**Problem to solve**.
Please repeat exactly the lines below from the line with "Cinturon de Cuero Jimmy Choo For H&m" to the line with "Hyundai Tucson 2016", including both, and leave out every picture.

**Raw data**.

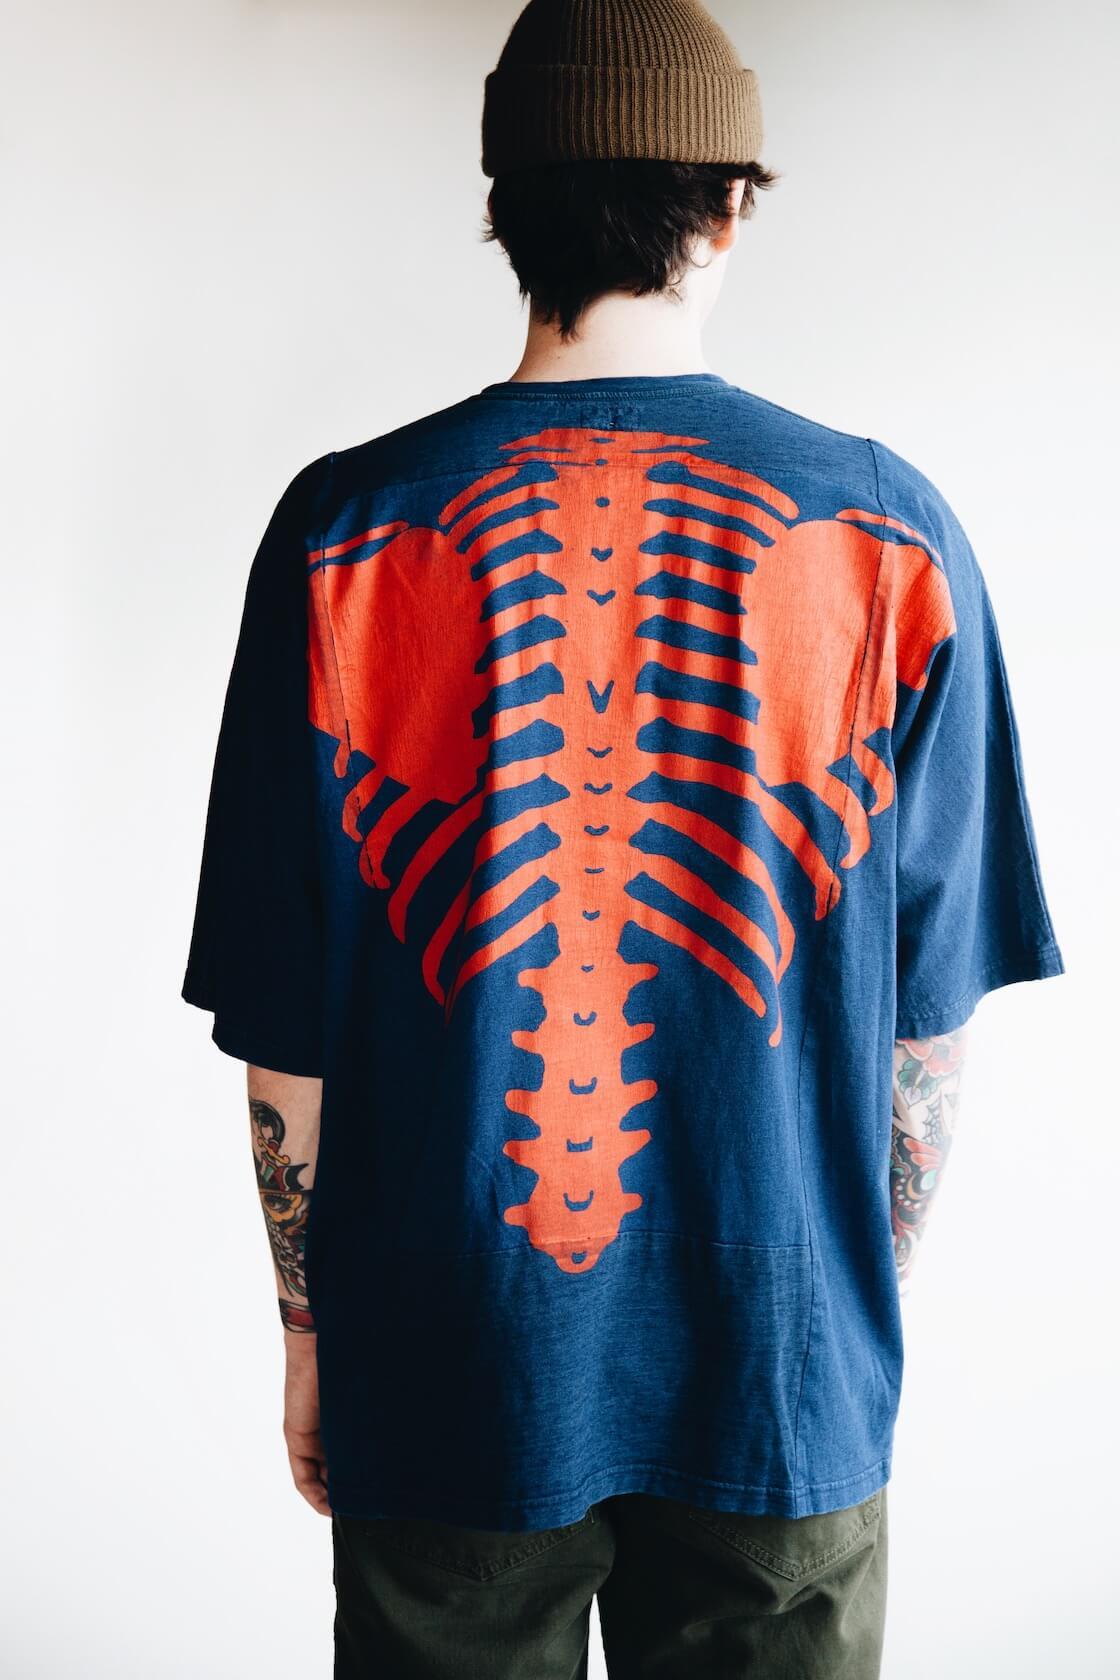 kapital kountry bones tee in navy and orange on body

...

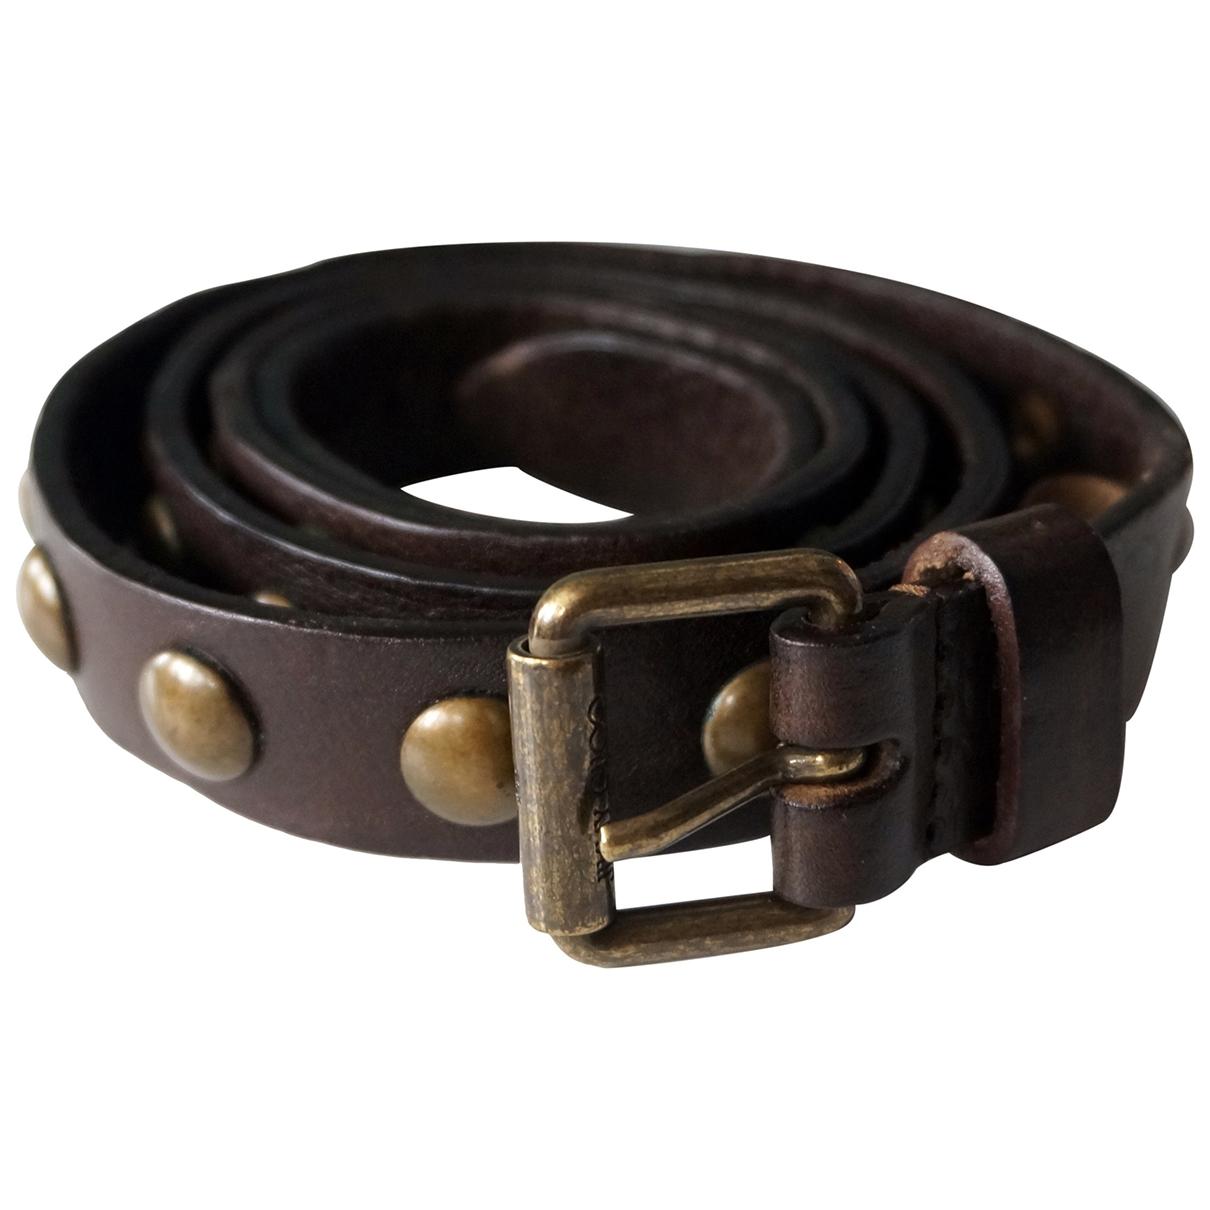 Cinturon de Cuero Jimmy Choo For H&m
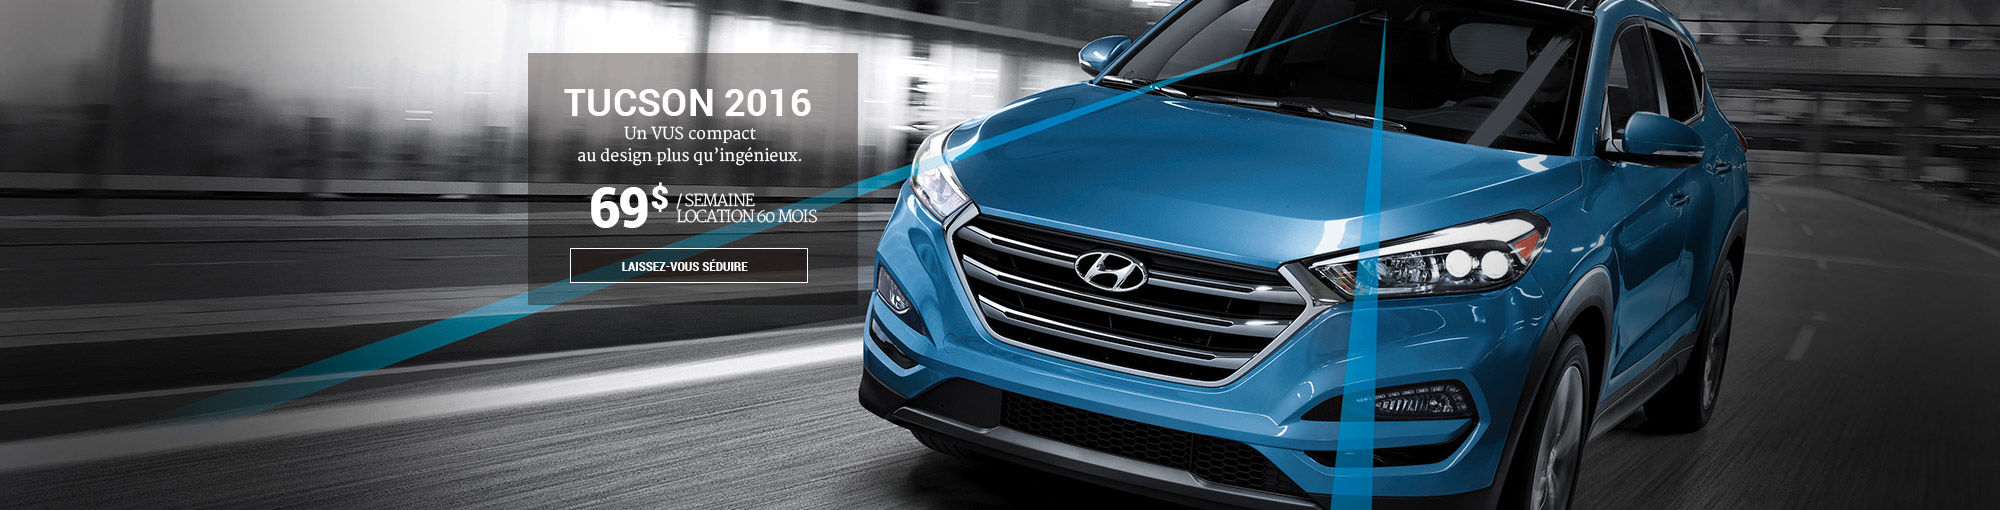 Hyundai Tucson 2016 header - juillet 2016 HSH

**Exercise solution**.
 Cinturon de Cuero Jimmy Choo For H&m
 Hyundai Tucson 2016 header - juillet 2016 HSH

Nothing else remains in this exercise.